A flash boiler is a type of water-tube boiler. The tubes are close together and water is pumped through them. A flash boiler differs from the type of monotube steam generator in which the tube is permanently filled with water. In a flash boiler, the tube is
kept so hot that the water feed is quickly flashed into steam and superheated. Flash boilers had some use in automobiles in the 19th century and this use continued into the early 20th century.

==History==
There is disagreement about the exact definition of a flash boiler. Some writers use the term interchangeably with monotube boiler and there is even use of the term semi-flash boiler. However, the flash boiler is generally attributed to Léon Serpollet who used a flash boiler in the Gardner-Serpollet steam-powered car from 1896. Serpollet's boiler was a low-water-content type with thick-walled tubes to provide a store of heat. Serpollet patented a steam generator in 1888, US Patent 379,421, but this is an early version which differs from the one illustrated above.

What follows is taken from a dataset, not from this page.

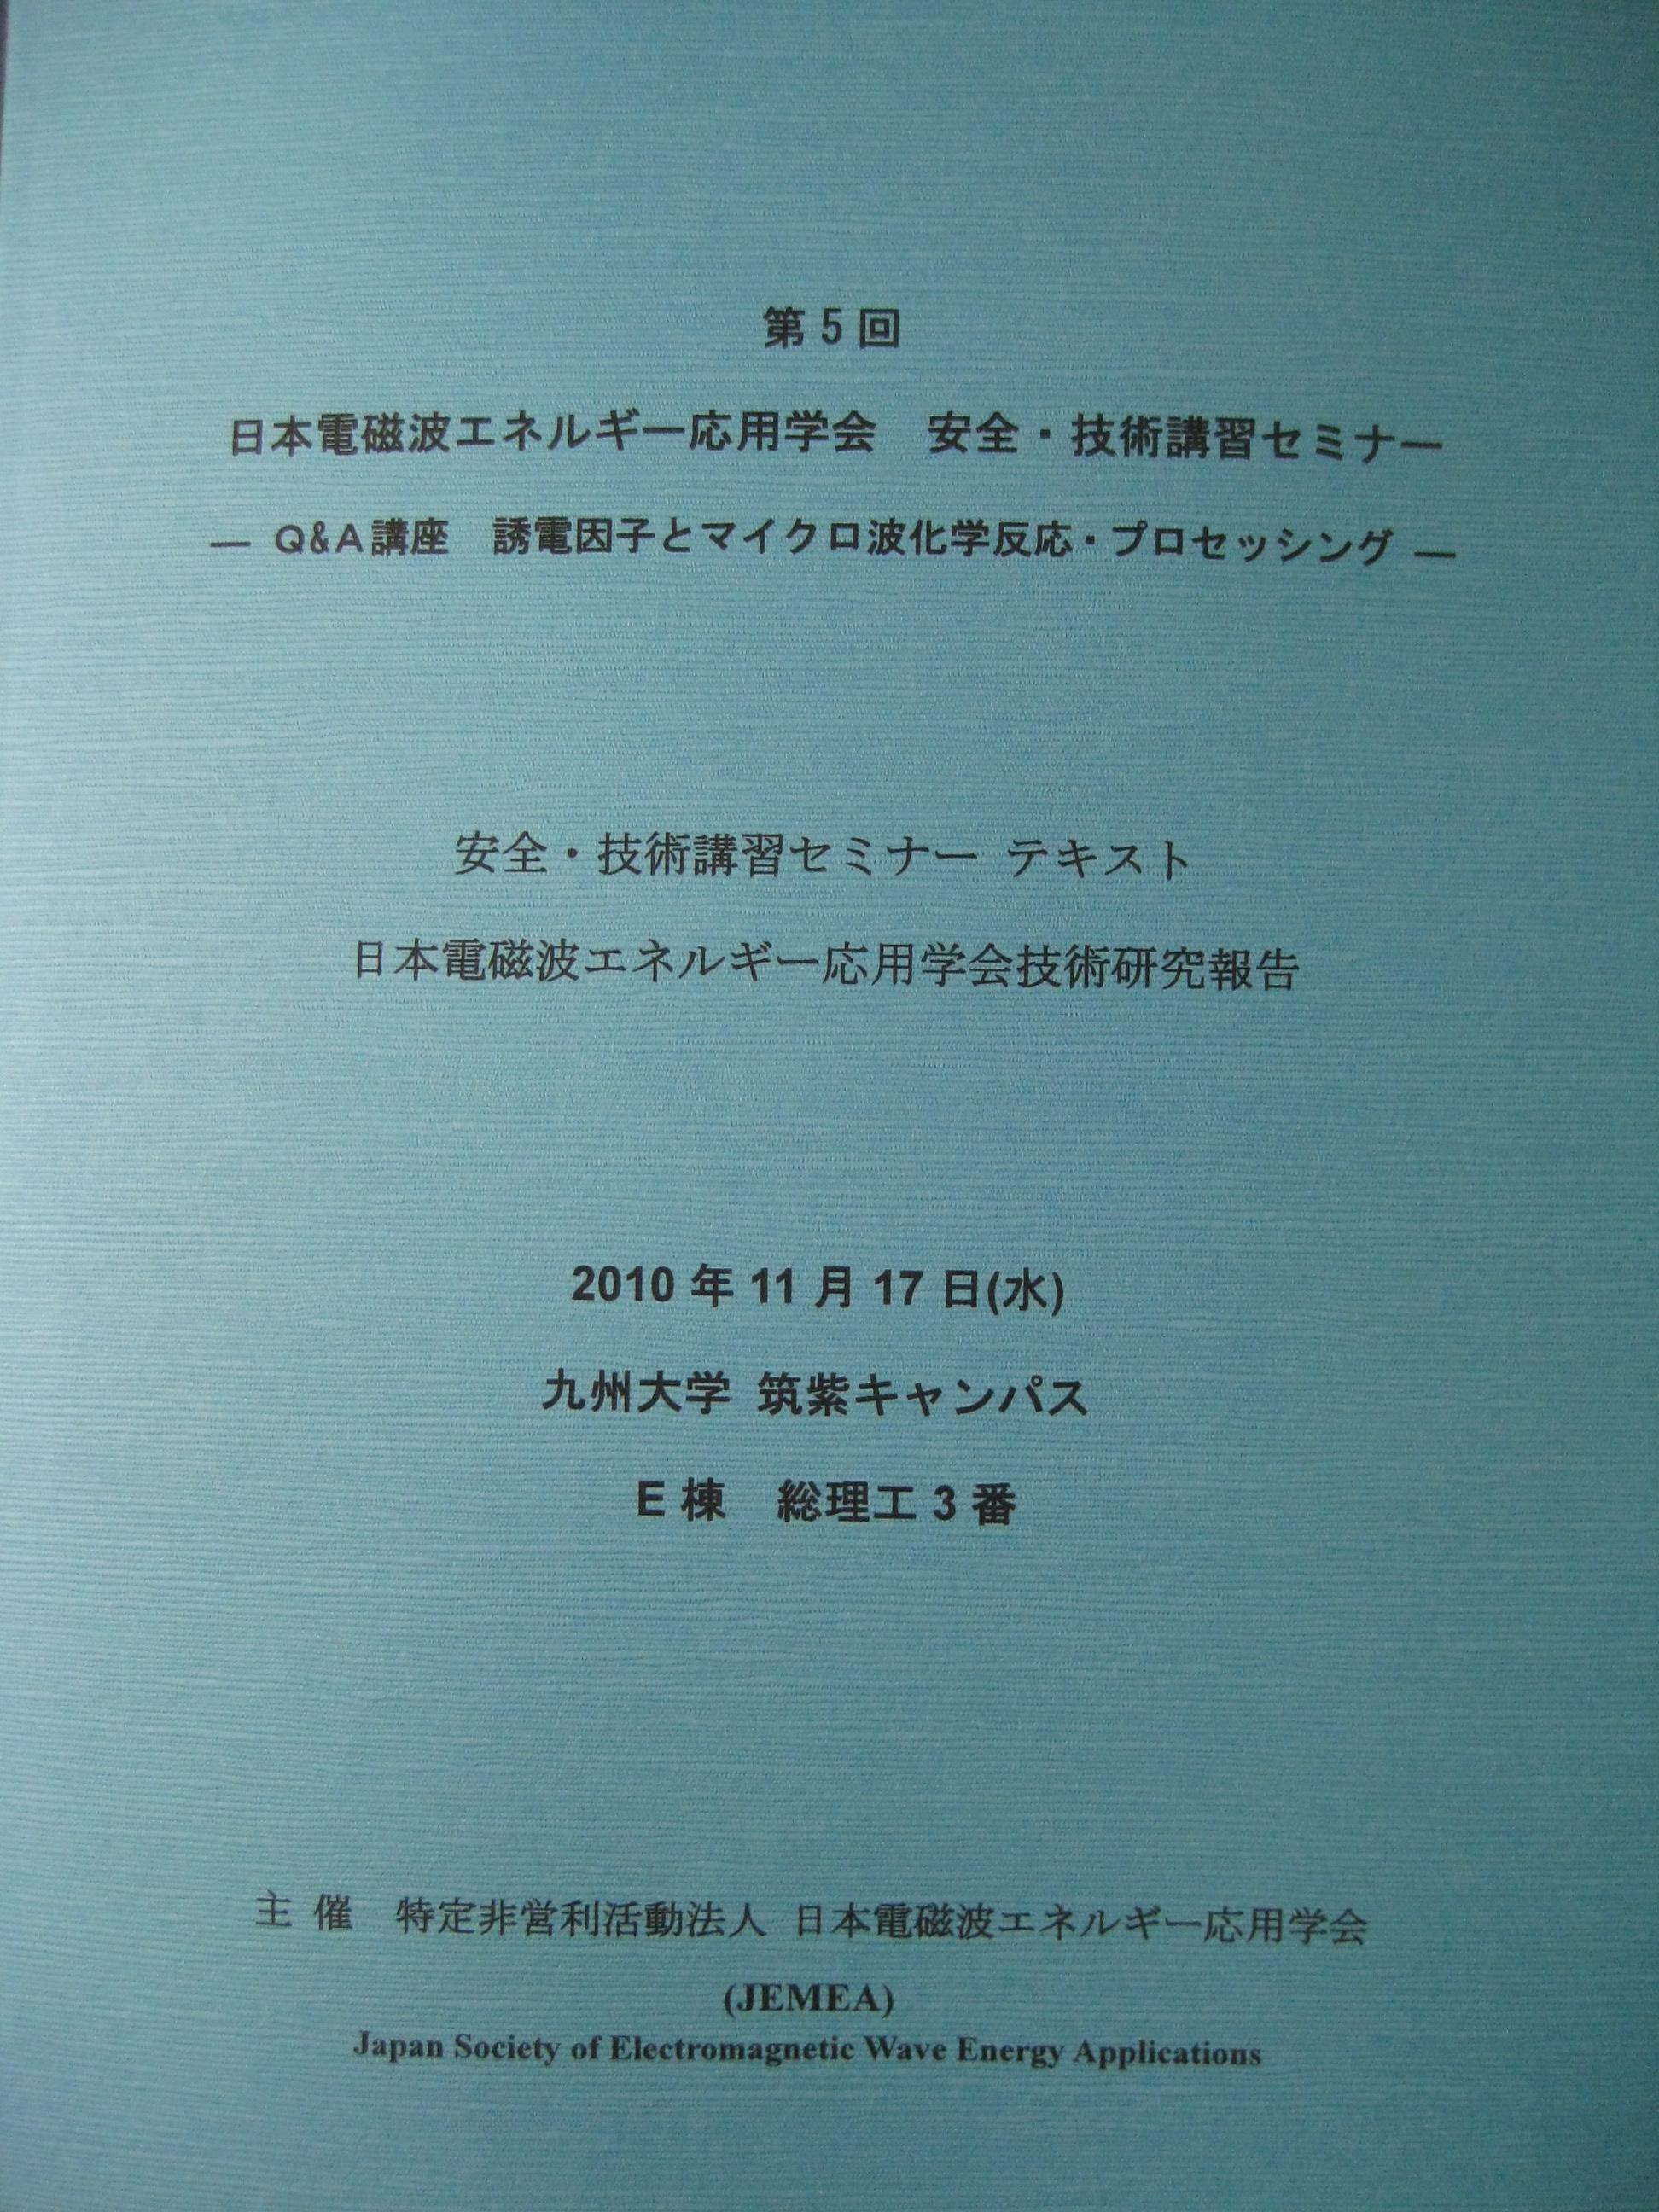 JEMEA019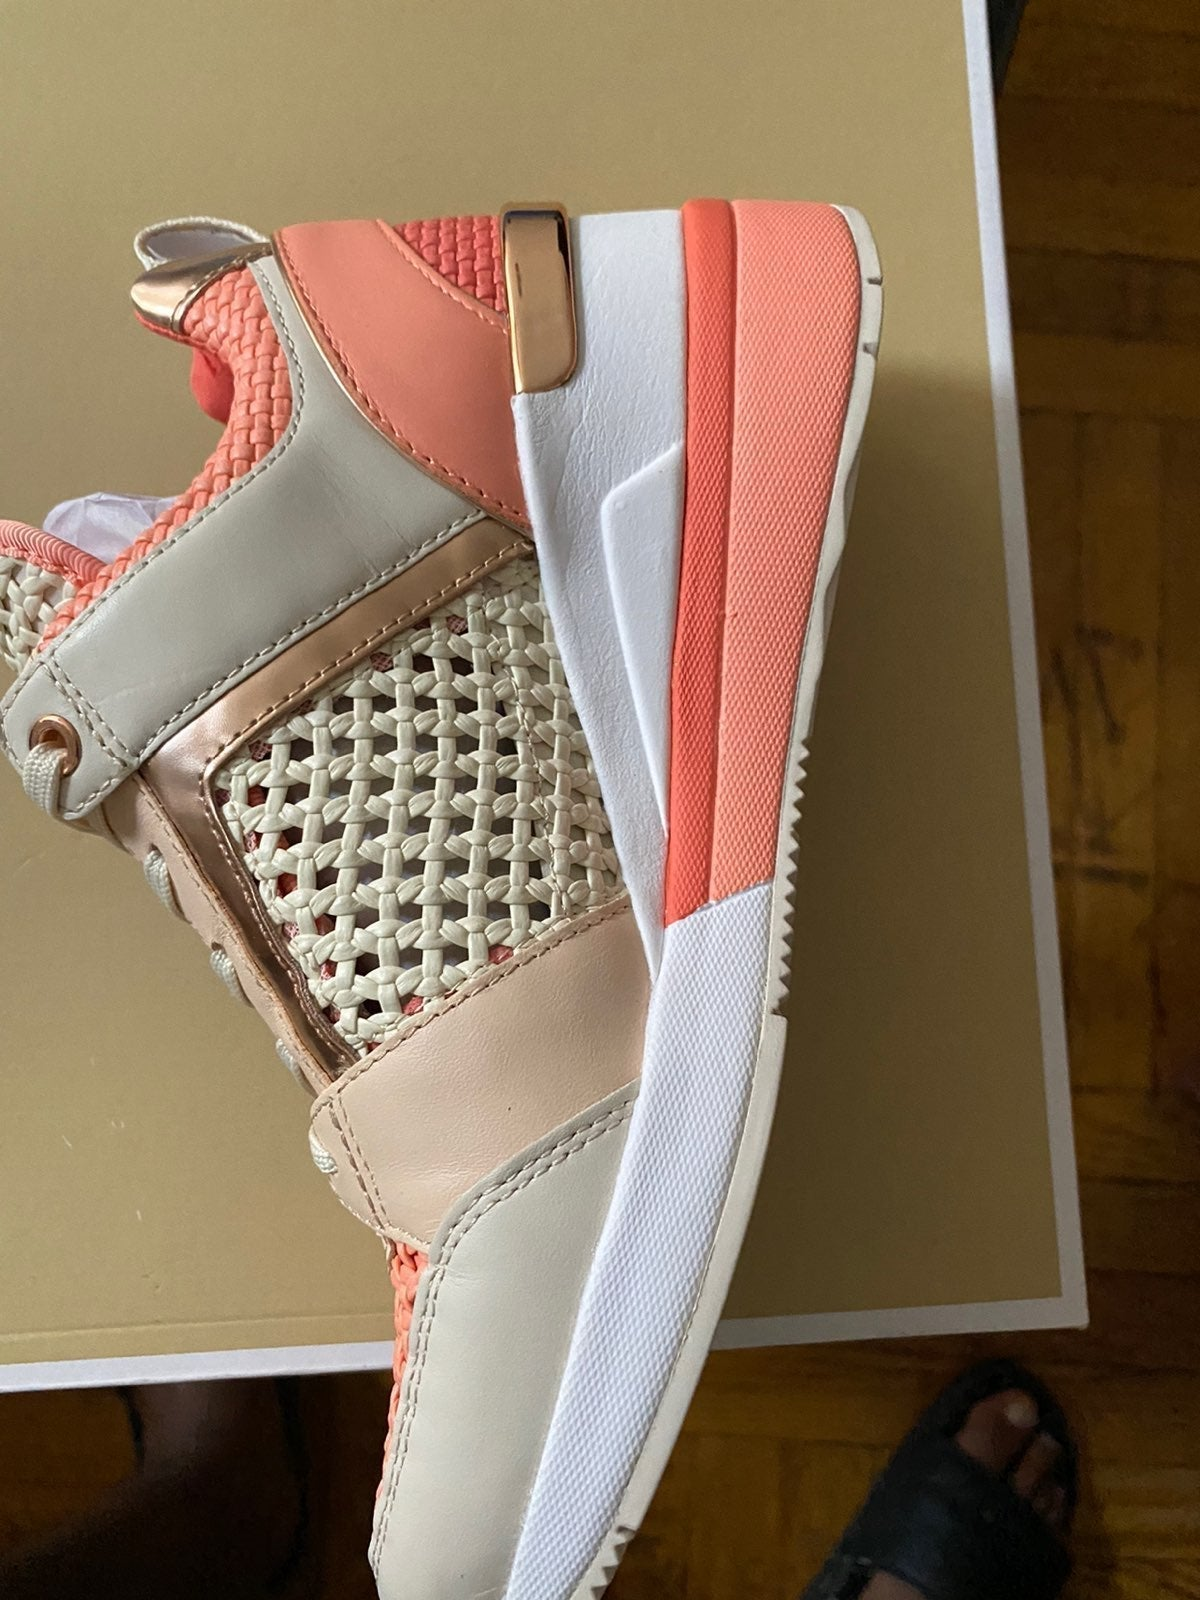 Woman wedge sneaker

==Benefits and drawbacks==
Flash boilers are lighter and less bulky than other types and take less time to raise steam from a cold start. However, they are more prone to overheating because there is no large reservoir to cool the tubes if the water flow is interrupted or inadequate.

==Fuel==
Flash boilers are normally fired by liquid or gaseous fuel because this allows a quick response to changes in the demand for steam. However, experiments with solid fuel firing have been made.

==Uses==
Historically, flash boilers were used in some steam cars, where rapid steam-raising was an advantage. During the Second World War they were used in Royal Navy steam gun boats (SGBs). Modern use is largely confined to model steam boats.

==See also==
- Du Temple Monoplane
- List of boiler types by manufacturer
- Monotube steam generator
- Pop pop boat
- Steam generator (boiler)

== Bibliography ==
- Westbury, Edgar T. (1984). "Flash Steam"
- Benson, J.H. (2000). "Experimental Flash Steam"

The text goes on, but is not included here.